Consider air pollution. EPA is required to set air quality standards at levels to protect human health and welfare. Again, regulations require treatment before emission of industrial gases into the atmosphere. Cleaning industrial gases is a job-killing requirement. Would anyone want to eliminate the air quality standards? Doubtful, but in this case the link between the costs (measurable) and the benefits (the health of our population) is not as easy to see.

The less direct and obvious the links among the risks, the costs, and the benefits, the harder it is to justify imposing costs on business. The analysis can get complicated.

While Trump and the Trumpettes thunder against job-killing regulations, few among the press ask questions about the benefits. They have forgotten the balancing act between costs and benefits. More importantly, they have forgotten that every major Federal regulation (cost over $100 million per year) must have a detailed cost-benefit analysis before adoption.(1) They need to look at these analyses and learn how to question the claims of job-killing.
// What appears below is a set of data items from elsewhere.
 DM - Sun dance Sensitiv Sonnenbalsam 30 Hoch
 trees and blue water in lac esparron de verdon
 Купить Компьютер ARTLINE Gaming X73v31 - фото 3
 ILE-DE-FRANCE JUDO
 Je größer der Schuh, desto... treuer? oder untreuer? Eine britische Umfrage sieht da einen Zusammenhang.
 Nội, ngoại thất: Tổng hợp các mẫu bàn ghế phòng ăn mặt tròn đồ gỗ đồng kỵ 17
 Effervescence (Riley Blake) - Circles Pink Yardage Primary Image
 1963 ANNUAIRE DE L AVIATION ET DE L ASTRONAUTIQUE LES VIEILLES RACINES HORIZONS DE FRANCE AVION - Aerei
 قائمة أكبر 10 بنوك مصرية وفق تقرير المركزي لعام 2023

Here is a good example: the mercury and air toxics rule (MATS). Coal and oil-fired power plants are required under the rule to significantly reduce emissions of mercury, arsenic, lead, chromium, and acids. In effect, it requires installation of emission control equipment and affects many of the older and less efficient power plants in the nation.

Why is the MATS rule important? These power plants collectively emit about 50% of the mercury and 20-60% of the toxic metals emitted annually. These toxic metals can affect the nervous system, causing a range of harmful health effects. There is a significant and long-standing dispute over both the costs and benefits of compliance.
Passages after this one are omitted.